Craig Wallace and Jeff Allin in Round House Theatre’s production of ‘Permanent Collection’.
Photo by Danisha Crosby

“You can’t be on both sides.” So says Sterling North (Craig Wallace), the new director of a private suburban art museum in Thomas Gibbons’ trenchant, provocative Permanent Collection. Sterling knows exactly which side he’s on, and so does his opposition, the museum’s education director Paul Barrow (Jeff Allin). The two are so far into their respective sides that they can barely see the middle ground, let alone one another.

The tension arises when Sterling, who is African-American, discovers a number of important works of African art in the museum’s storage. The museum has a number of similar works on display amid the scores of Cézannes, Picassos, and Renoirs that dominate the collection, and North feels there is room for eight more to come out of the basement. He seeks to put them in the gallery’s public collection, despite another stipulation of the will that dictates that not a single piece on display may ever be moved, replaced, or changed in any way. He initiates a discrimination suit to challenge the will, and Paul, who is white, stands in his way as the self-appointed defender of the founder’s legacy and vision.

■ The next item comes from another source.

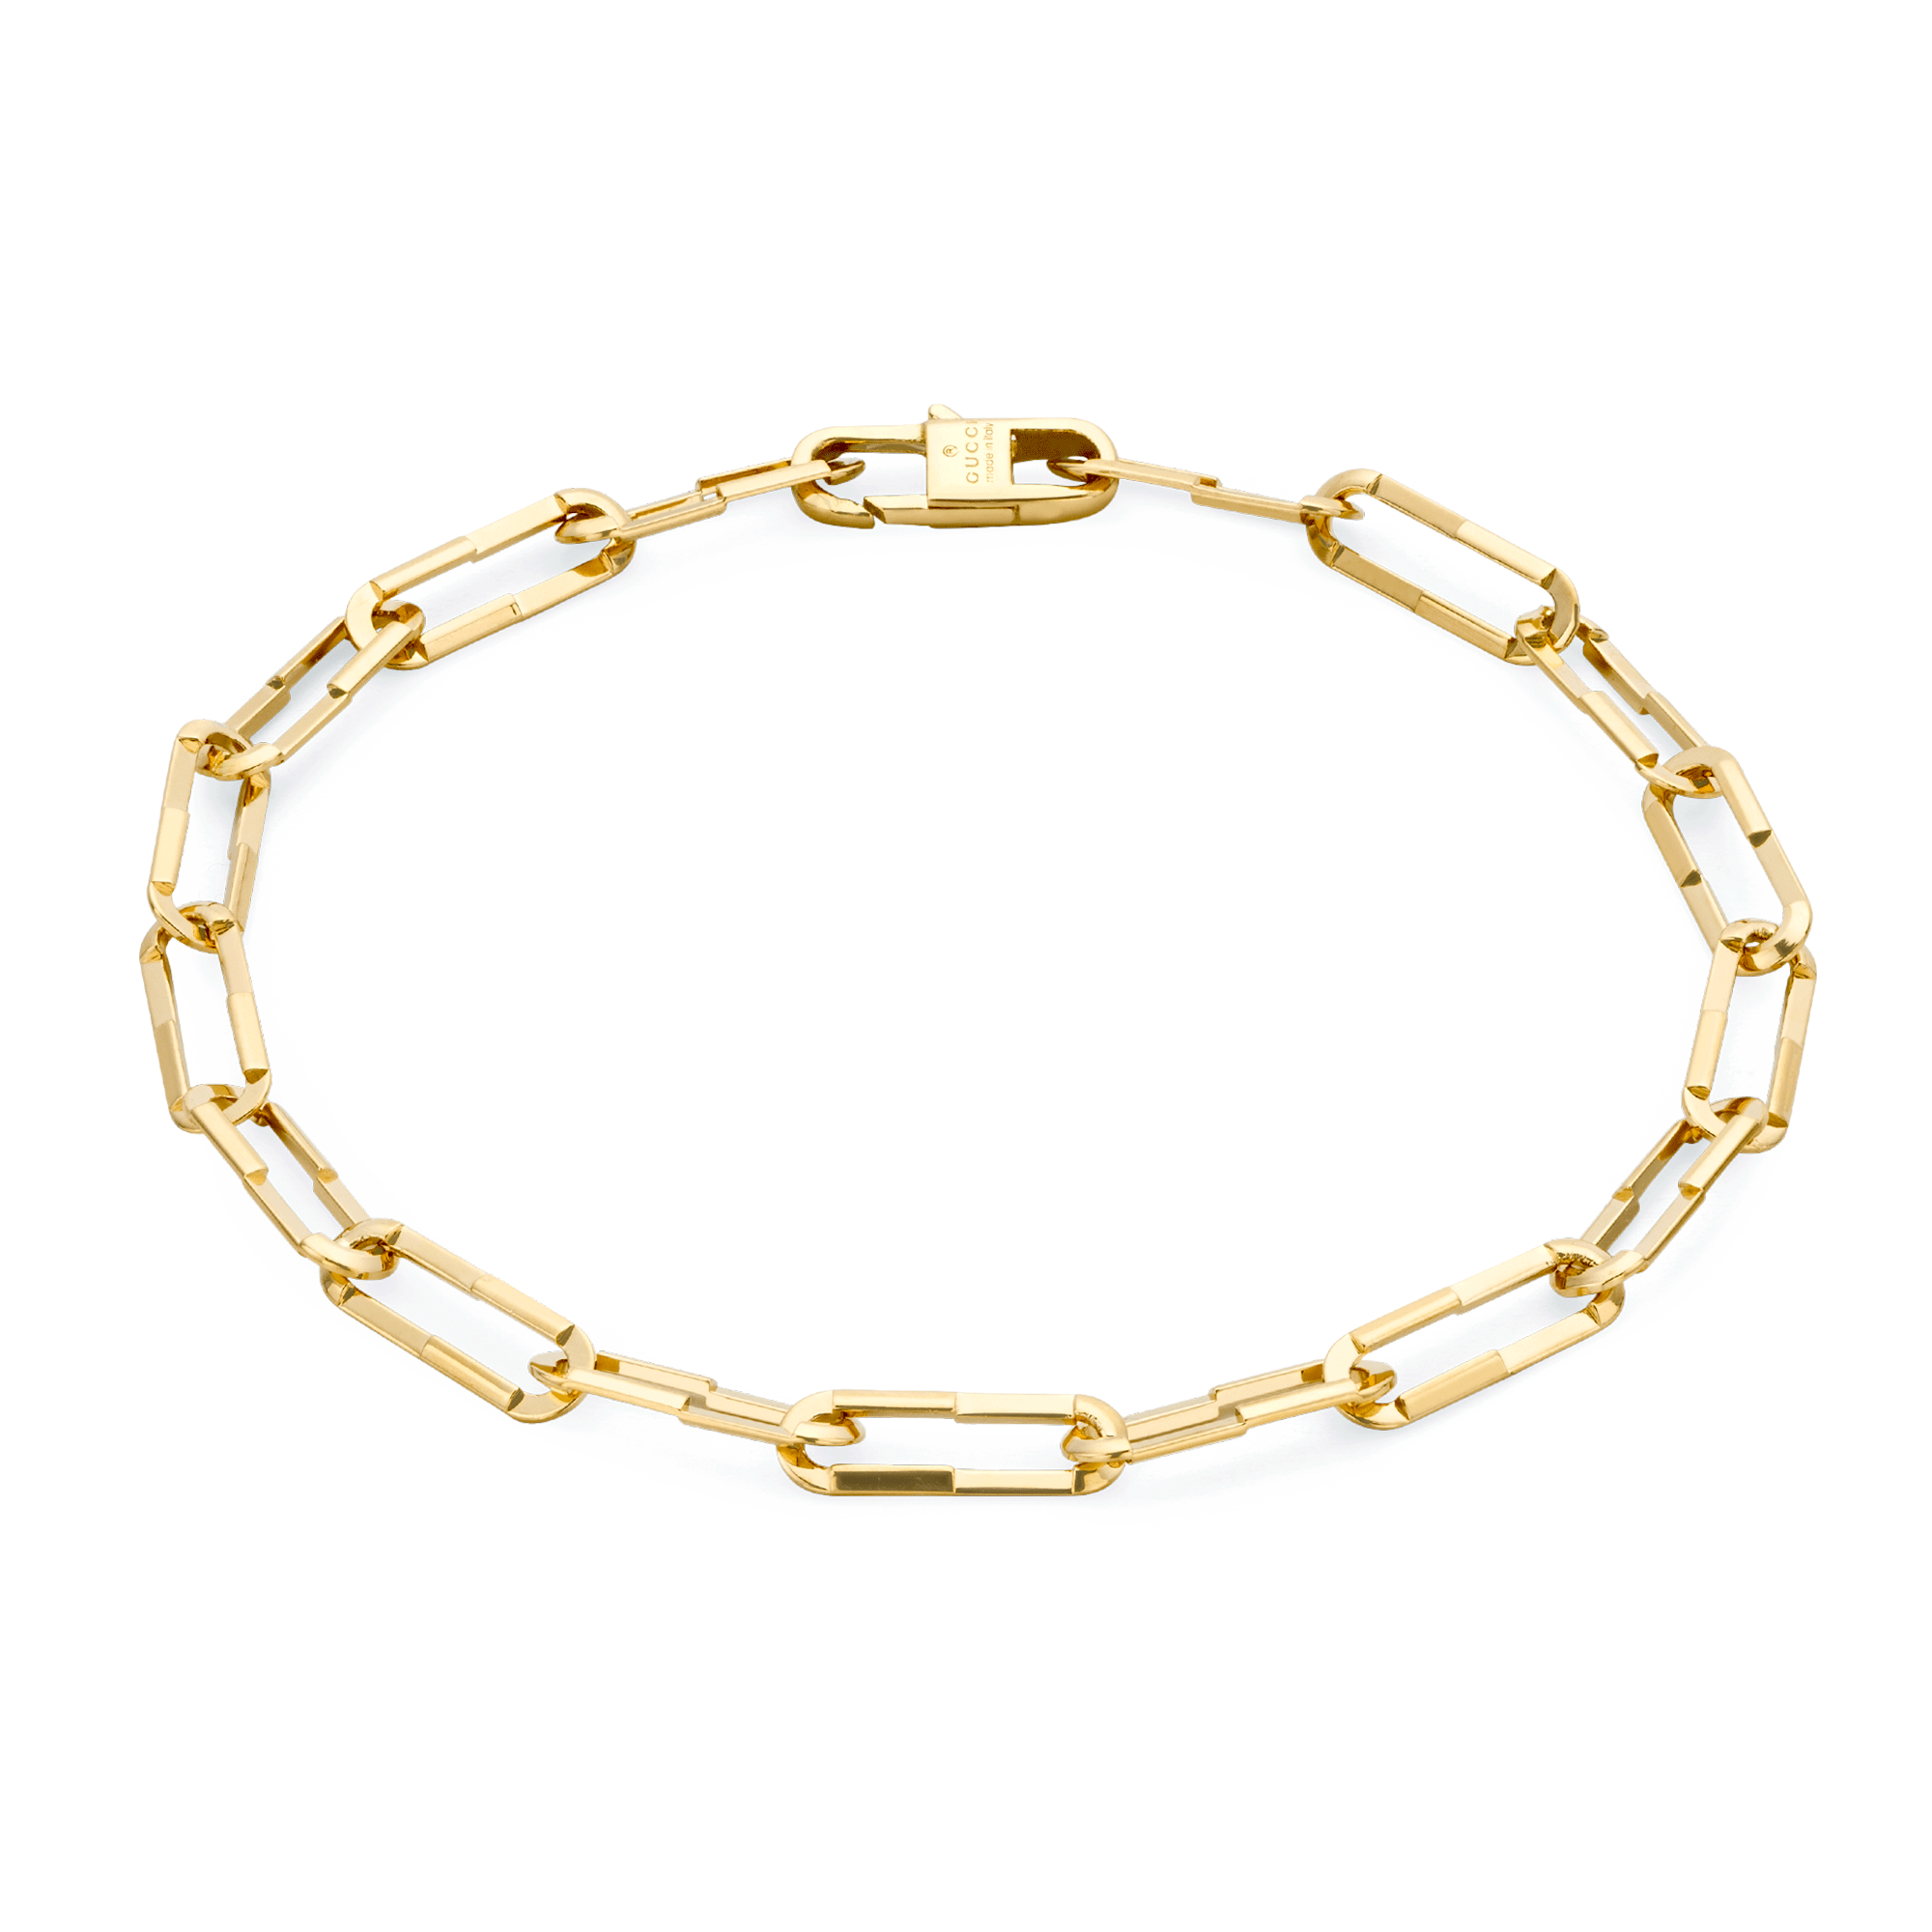 Link to Love 18ct Yellow Gold Paperchain Bracelet

What follows is a downward spiral of acrimonious bickering, particularly nasty name-calling, resolute stubbornness, and legal action. Neither man is willing to back down. Part of the wonder of Gibbons’ script is that even as he paints both of them as completely unreasonable men blinded by their convictions, he often allows them both completely valid and supportable points of view. As the two push and pull at each other, always oblivious to the effects of the one person stuck in the middle, North’s assistant and Barrows’ friend Kanika (Jessica Francis Dukes), the writer makes it easy to identify with both, either, or neither as the arguments wear on.